### Exercise instructions
The full listing, word for word and free of images, is the expected result.

### Provided material
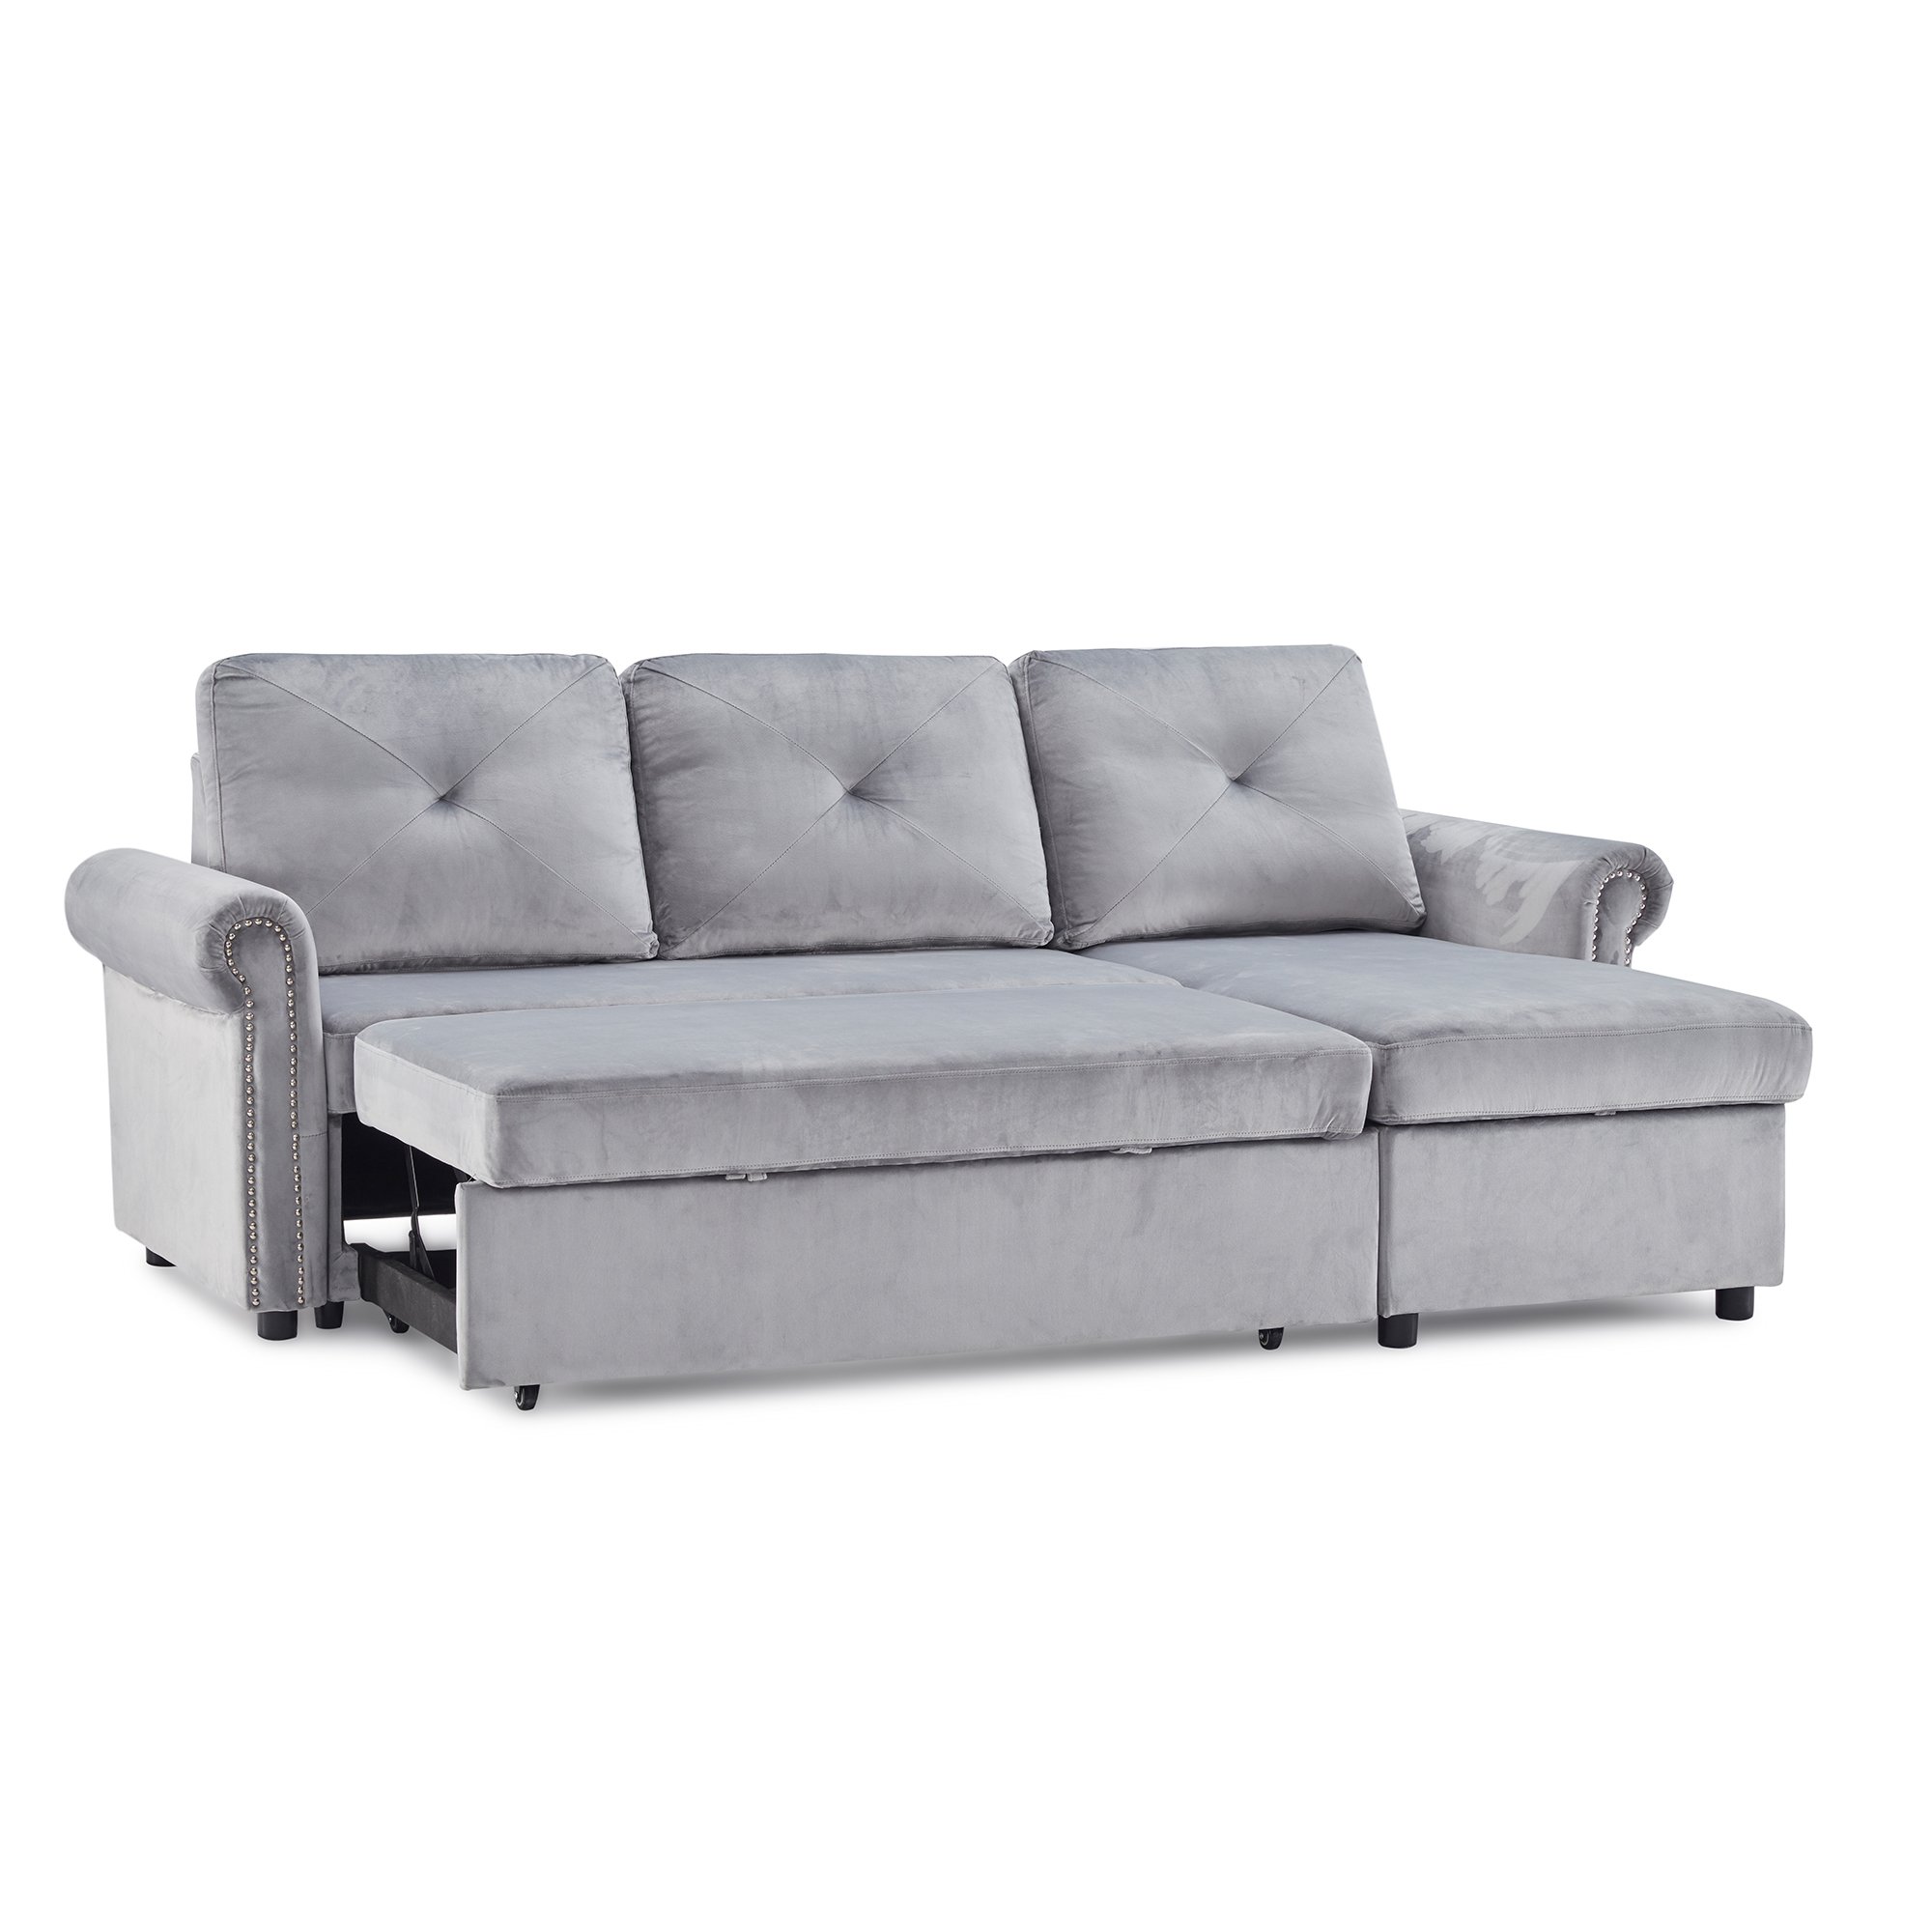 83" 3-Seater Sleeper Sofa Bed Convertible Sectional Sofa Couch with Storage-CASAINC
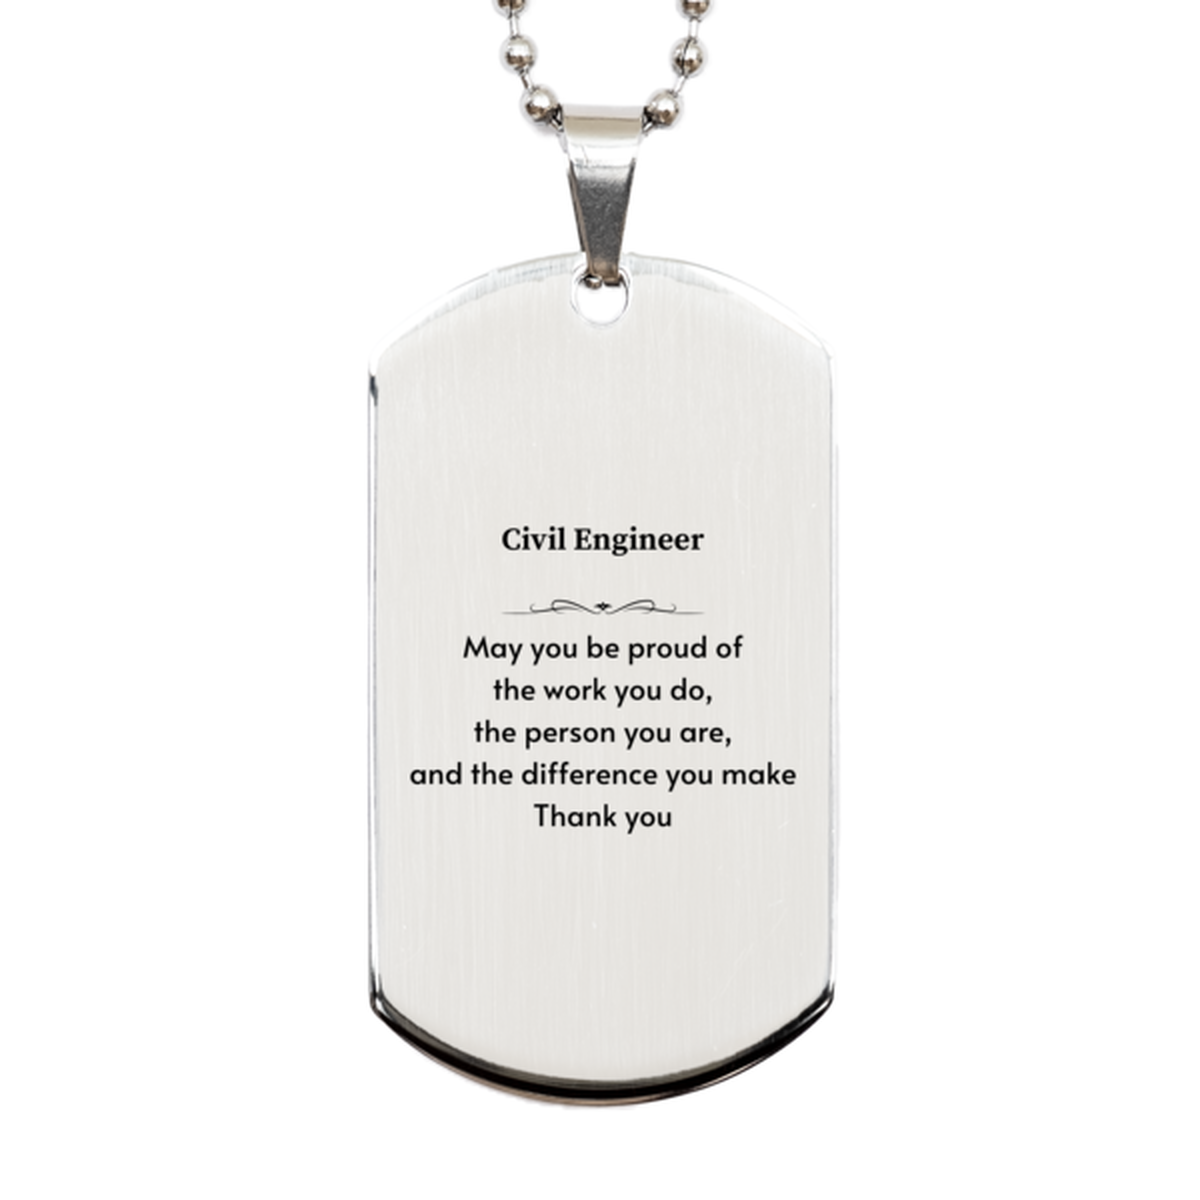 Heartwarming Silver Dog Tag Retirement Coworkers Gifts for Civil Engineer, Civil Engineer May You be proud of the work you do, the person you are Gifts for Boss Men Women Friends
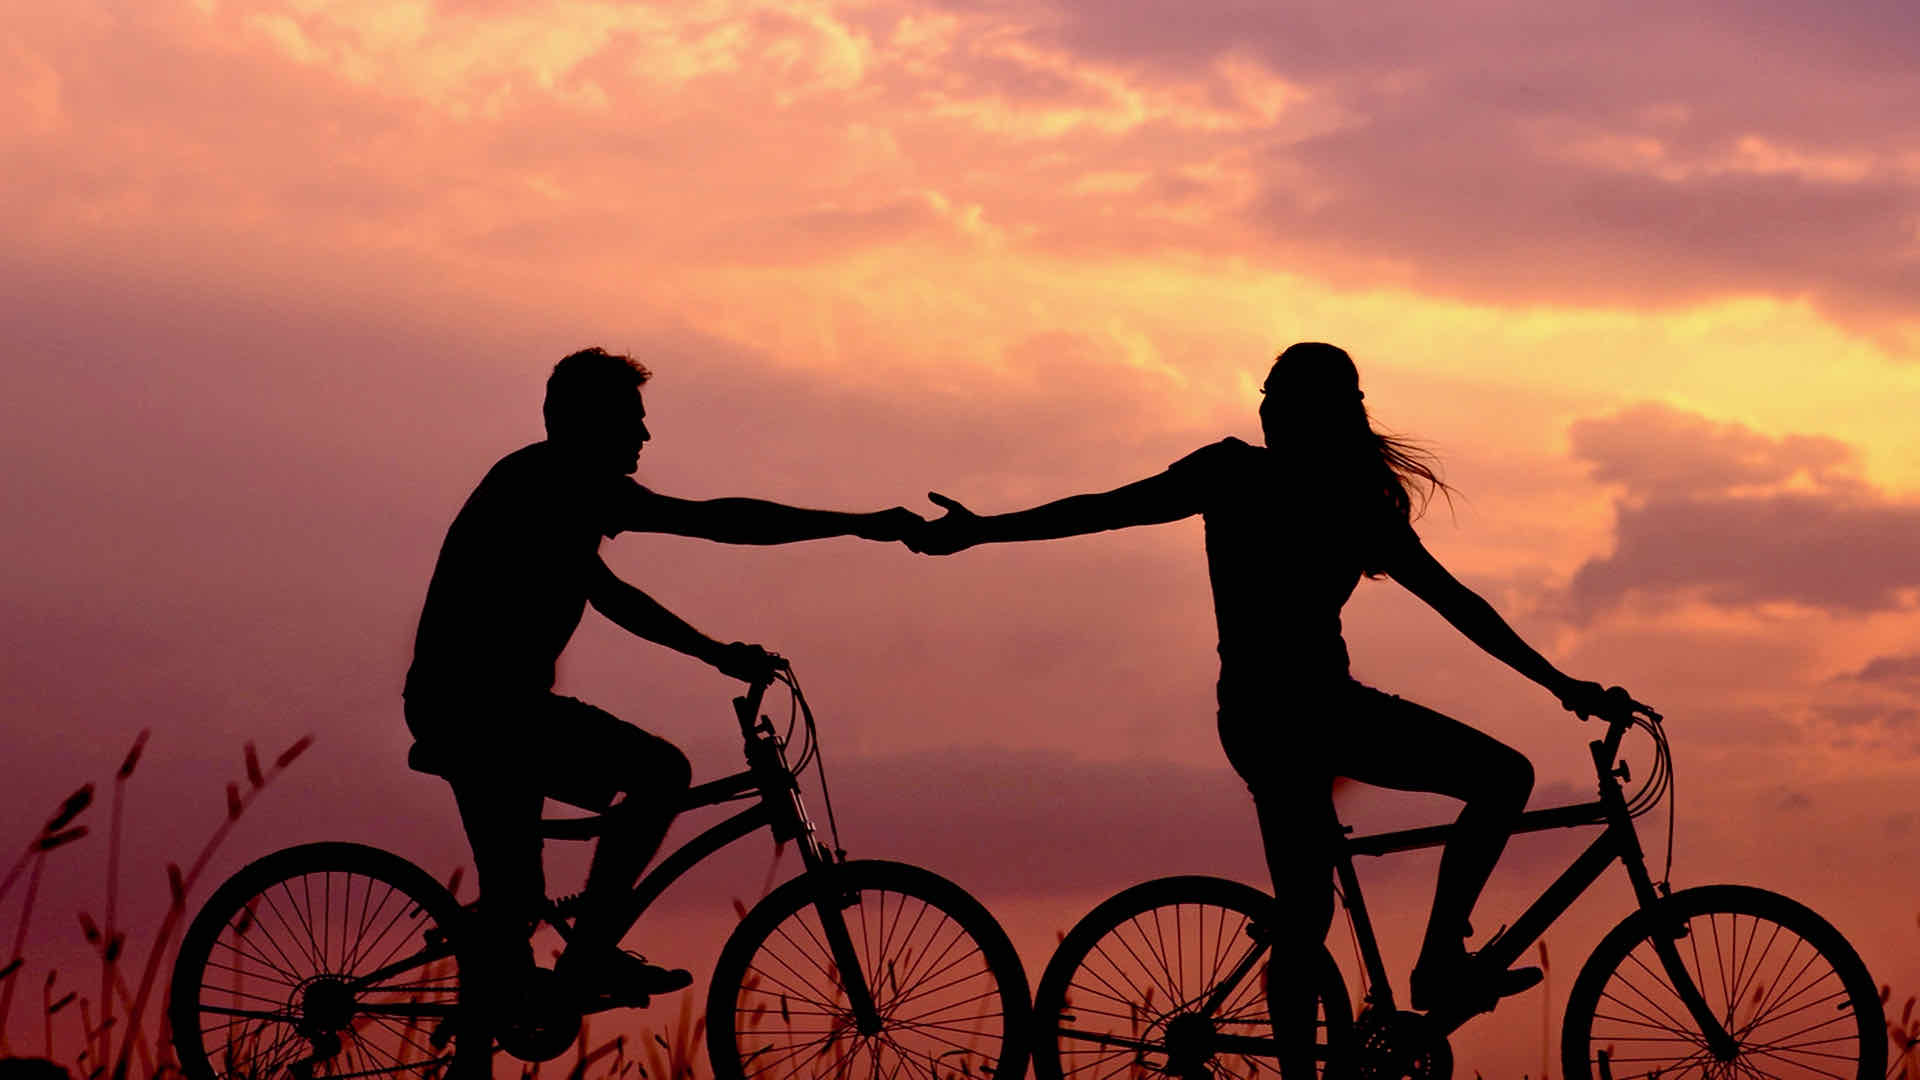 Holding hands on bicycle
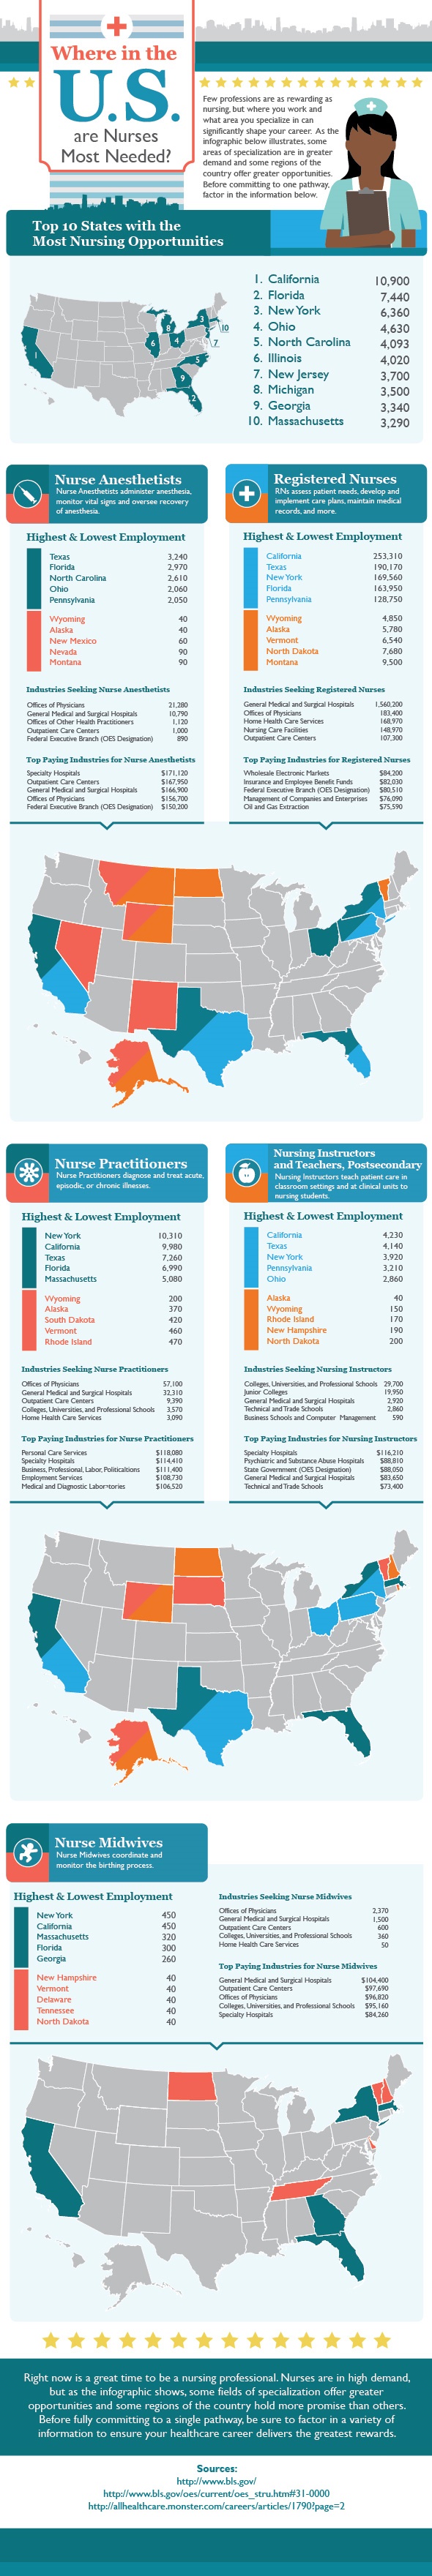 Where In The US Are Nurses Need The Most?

### Output for this exercise
 83" 3-Seater Sleeper Sofa Bed Convertible Sectional Sofa Couch with Storage-CASAINC
 Heartwarming Silver Dog Tag Retirement Coworkers Gifts for Civil Engineer, Civil Engineer May You be proud of the work you do, the person you are Gifts for Boss Men Women Friends
 Holding hands on bicycle
 Where In The US Are Nurses Need The Most?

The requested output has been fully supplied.